Photo: Dimitris Tosidis / IFSC

What bouldering world cup event did you like the most this season?

I think my favorite World Cup was Brixen. I really enjoy the atmosphere there and the town itself. I’m always enjoying my time in Italy, walking around the town, going to the shops, competing in the new places.

You won all bouldering events this year after Janja left the circuit. Did you feel the pressure of being the leader?

Yeah, it was a lot of pressure including the pressure that I put on myself too. After I won the first world cup I thought that I want to do this for the rest of the season. When I won another event I felt more pressure, and then it kept going. So for me it was important to have a coach, someone to talk about what I was feeling..\

What can you say about the routesetting in bouldering? Do you think that something have changed since the last season?

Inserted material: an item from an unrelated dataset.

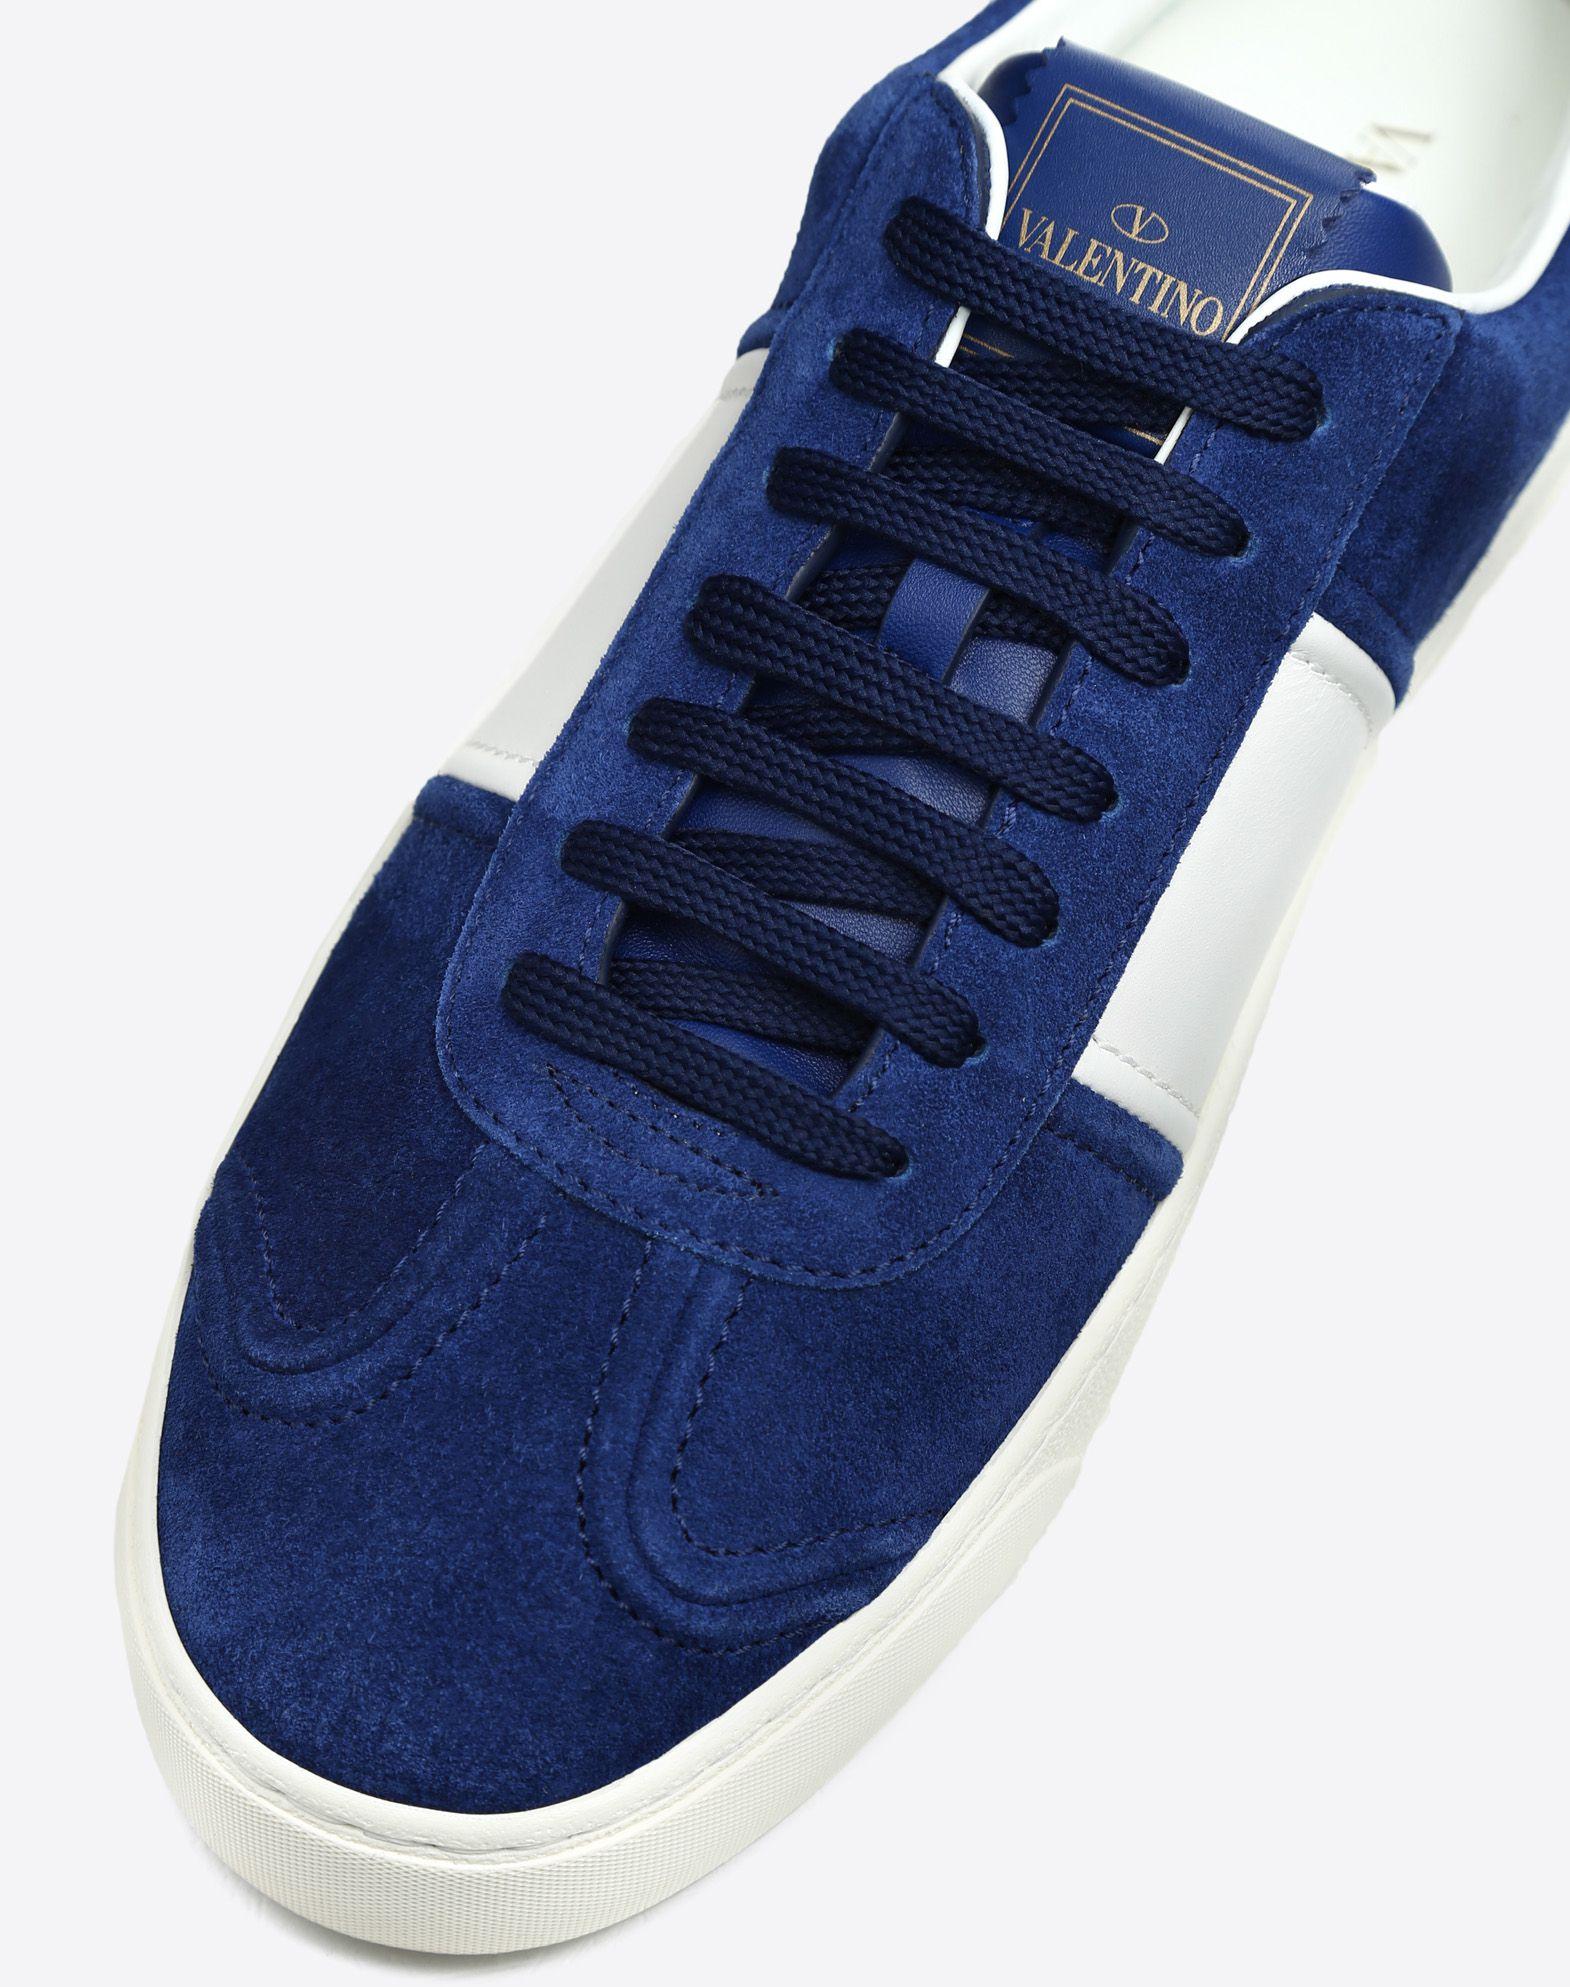 VALENTINO GARAVANI UOMO Flycrew Sneakers  LOW-TOP SNEAKERS U b
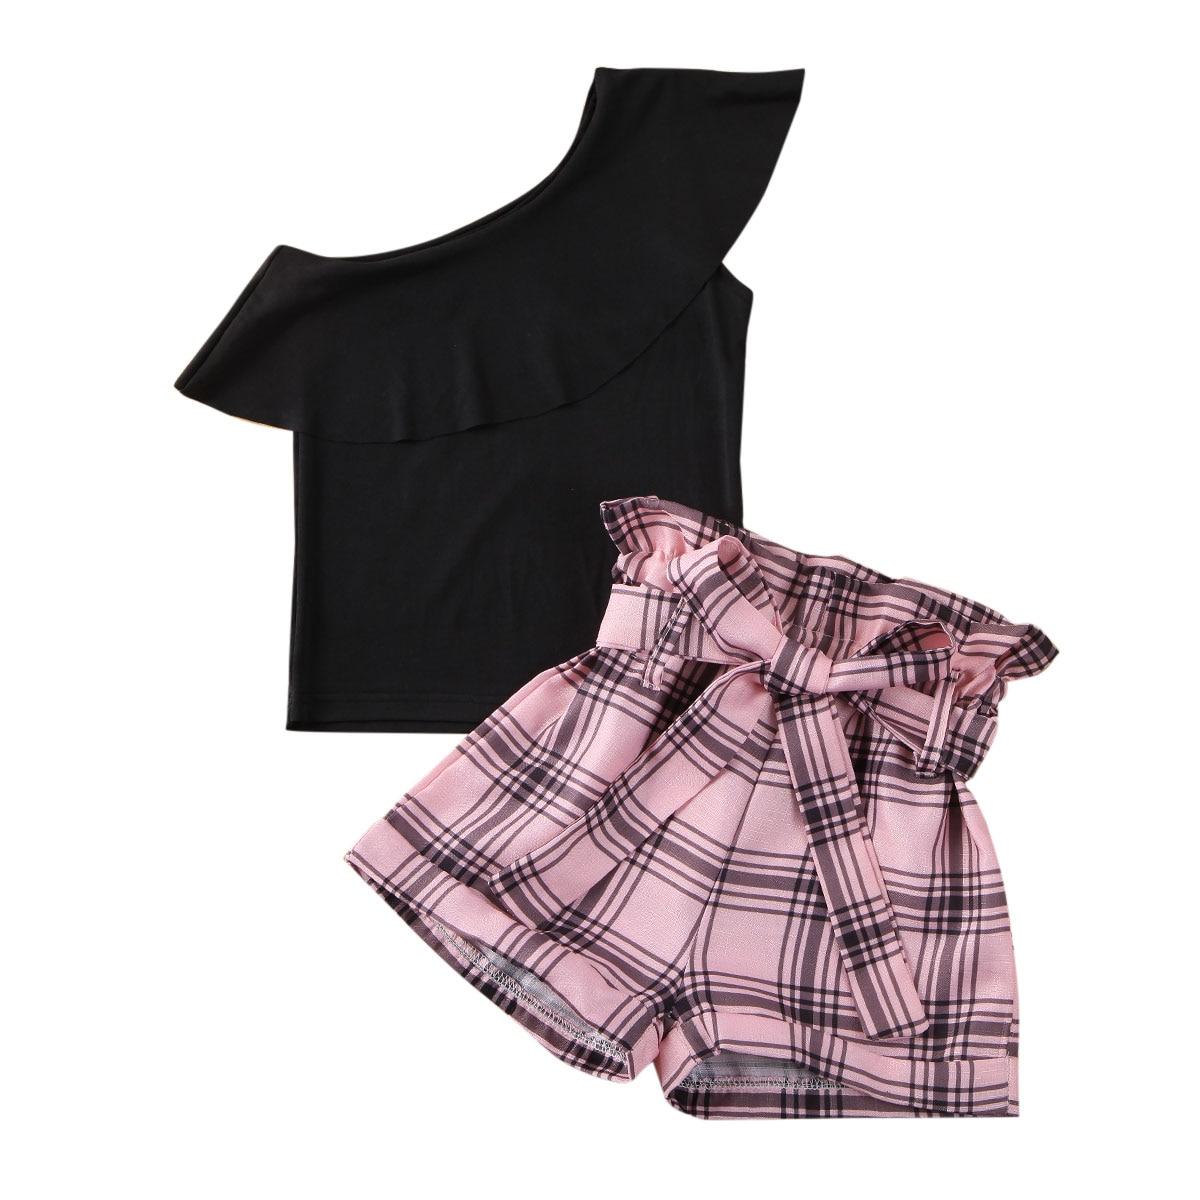 Pudcoco Toddler Baby Girl Clothes Solid Color Off Shoulder Ruffle Tops Plaids Short Pants 2Pcs Outfits Cotton Clothes Set

Honestly I don’t really think anything has changed too much. When I look back I like all final boulders this year and last year. We have seen a lot of tops so maybe the boulders was a bit too easy. In Meiringen we haven’t seen many tops and the setting there was great. After that the boulders started to become easier maybe. It’s never fun when you have to flash every boulder to win. When you try hard you feel really satisfied after the climb.

Photo: Christian Adam / Black Diamond

What discipline do you like more: lead or bouldering?

It’s a hard question because I like both of them. Maybe now I enjoy bouldering more, but it can switch from time to time.

Can you say a few words about the lead season?

I focused a lot on bouldering this year. So at the start of the lead season it took some time for me to readjust, got some fitness and focused on lead. The last World Cup of the season will be be bouldering and lead event, so it will be nice to boulder again.

You like the competitions, right? But I think it’s hard to compete all the time. How do you avoid the burnout? Maybe you have some hobby?

Normally I bound climbing with school. This summer I had not any summer classes, so I put a lot of time in rock climbing, hanging out with my team, reading. It’s like a step back from sport climbing, and it helps me not to get tired of sport.

Can you say a few words about you educational plans and maybe about your future profession?

Right now I’m having the last class in my bachelor degree Managing psychology in business. My plan was to focus on climbing a little bit for some time, but I’d love to go back to school and get my masters of psychology. I love being able to help people and I think that mental healthiness is very important. So I’m planning to work with people, maybe it will be sport psychology or general psychology, something like this.

Let’s talk about the people who helped you to become a leader of the National team. Who’s your coach?

Right now, my coach is Josh Larsen and he is a US head coach as well. He started coaching me pretty recently, so we are working together for a couple of months maybe. I had another coaches when I was younger, but from 18 till this year I was training by myself.

Photo: Christian Adam / Black Diamond

Do you think you need a coach?

No, I don’t think so, because I trained by myself for so long. But now when I train with a coach it’s good to have someone to push you. Somebody who can say: “Come on, you can do it, just try harder!” It’s also good when the coach tells you what you will do this week, because I ask myself that question all the time when I did not have a coach. I also work with physiotherapist. He helps me to choose and do special workouts.

You are in a perfect form now. Can you share your secret of staying slim with our readers? Do you have a special diet?

I don’t eat meet since 9 years old. But I eat fish.

What is your favorite breakfast?

It’s definitely a toast and yogurt with blueberries.